Source material »
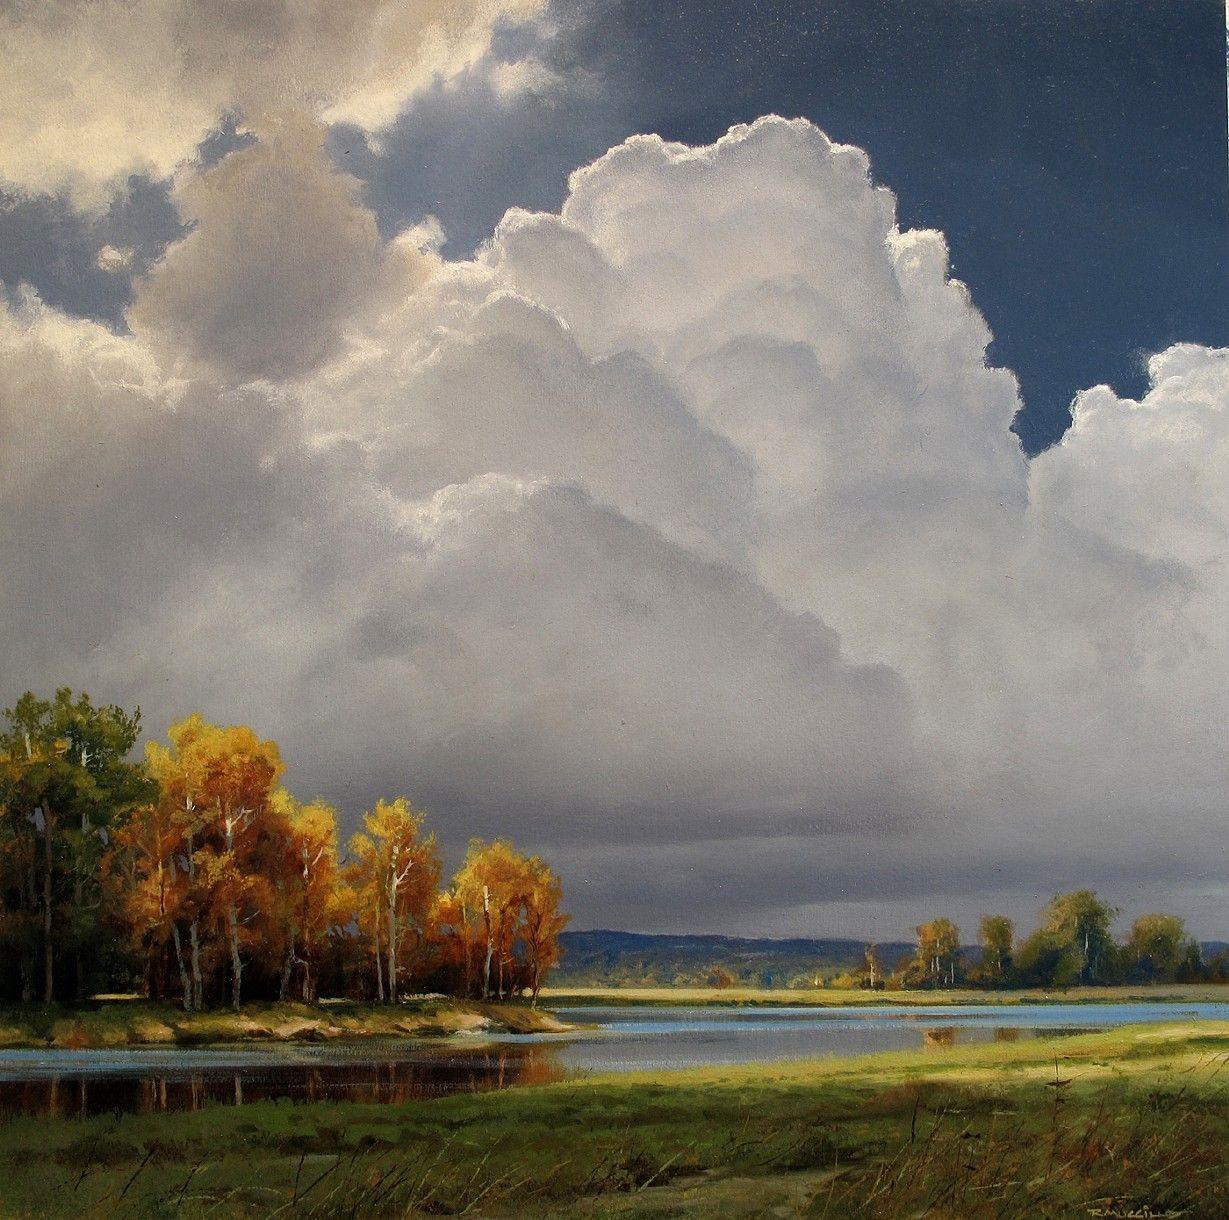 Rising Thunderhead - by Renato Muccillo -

---

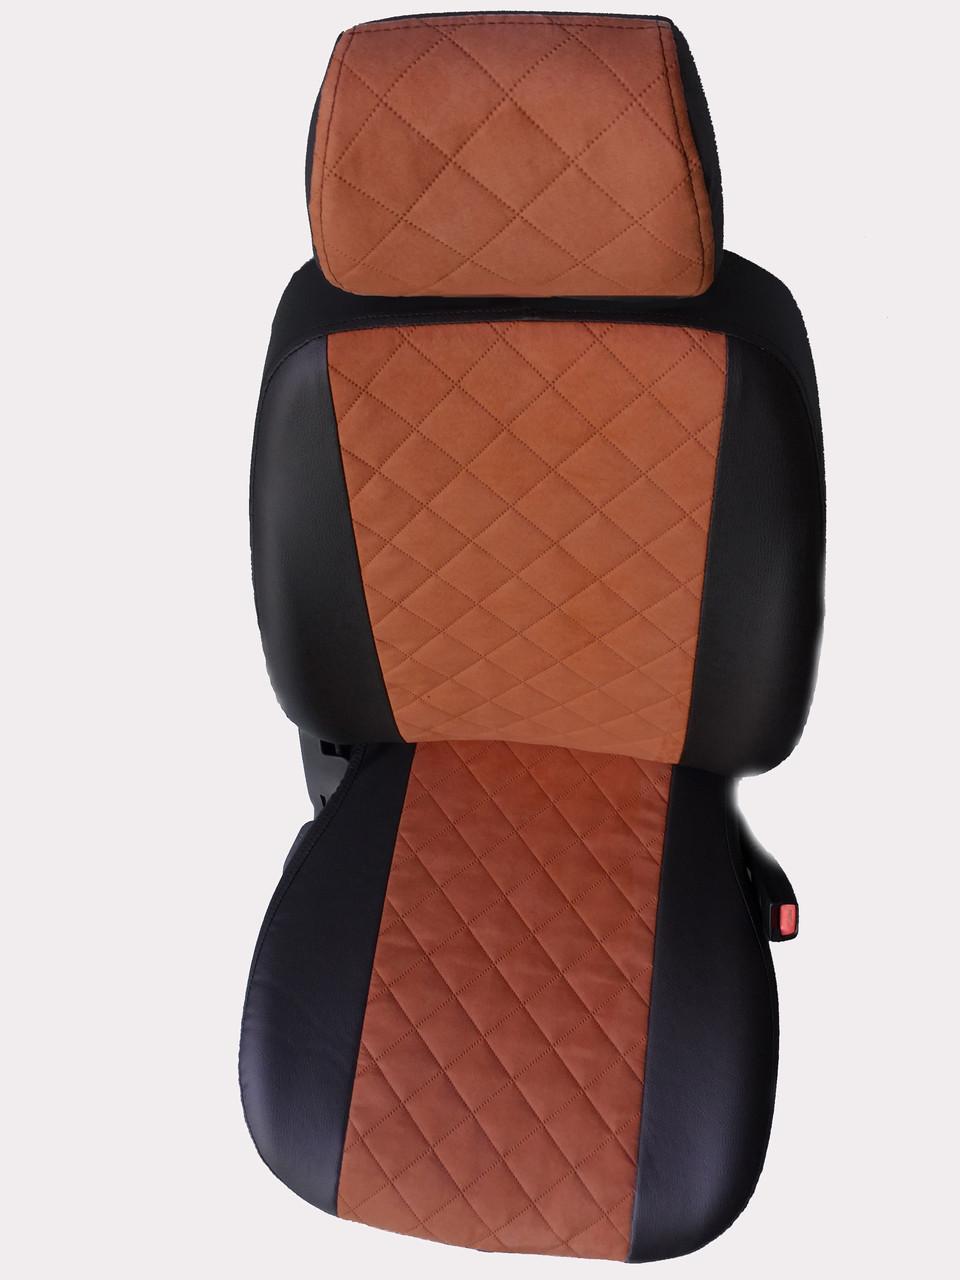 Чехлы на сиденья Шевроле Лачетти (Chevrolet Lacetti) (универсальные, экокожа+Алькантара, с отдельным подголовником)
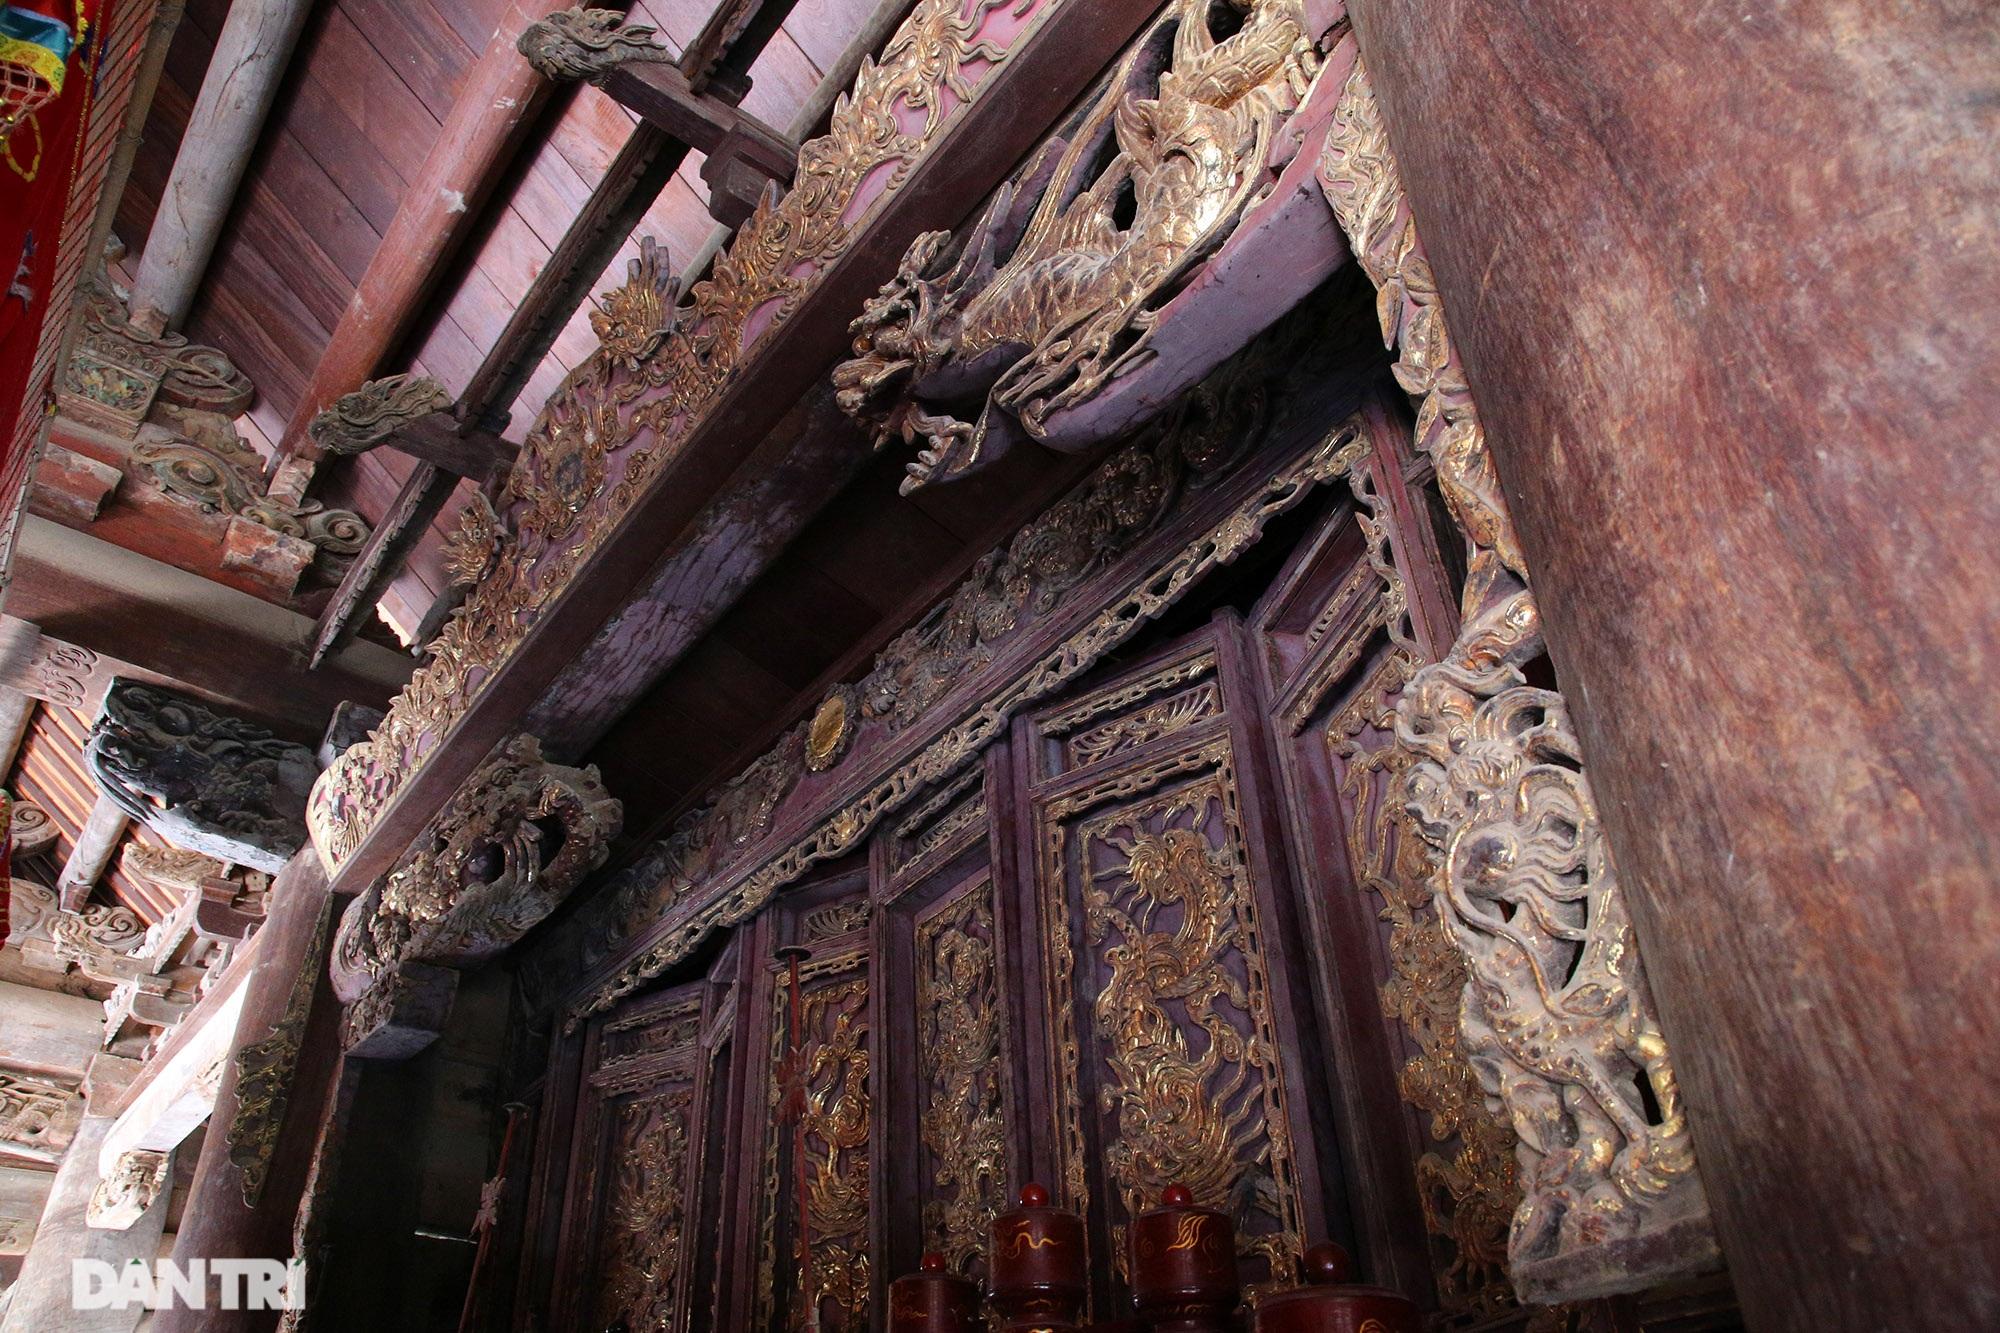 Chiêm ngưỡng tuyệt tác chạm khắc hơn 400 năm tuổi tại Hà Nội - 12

Aim of the task » Reproduce the listing above from the line that holds "Чехлы на сиденья" through the line that holds "Chiêm ngưỡng tuyệt", both included, with the pictures left out.

Answer to this exercise »
 Чехлы на сиденья Шевроле Лачетти (Chevrolet Lacetti) (универсальные, экокожа+Алькантара, с отдельным подголовником)
 Chiêm ngưỡng tuyệt tác chạm khắc hơn 400 năm tuổi tại Hà Nội - 12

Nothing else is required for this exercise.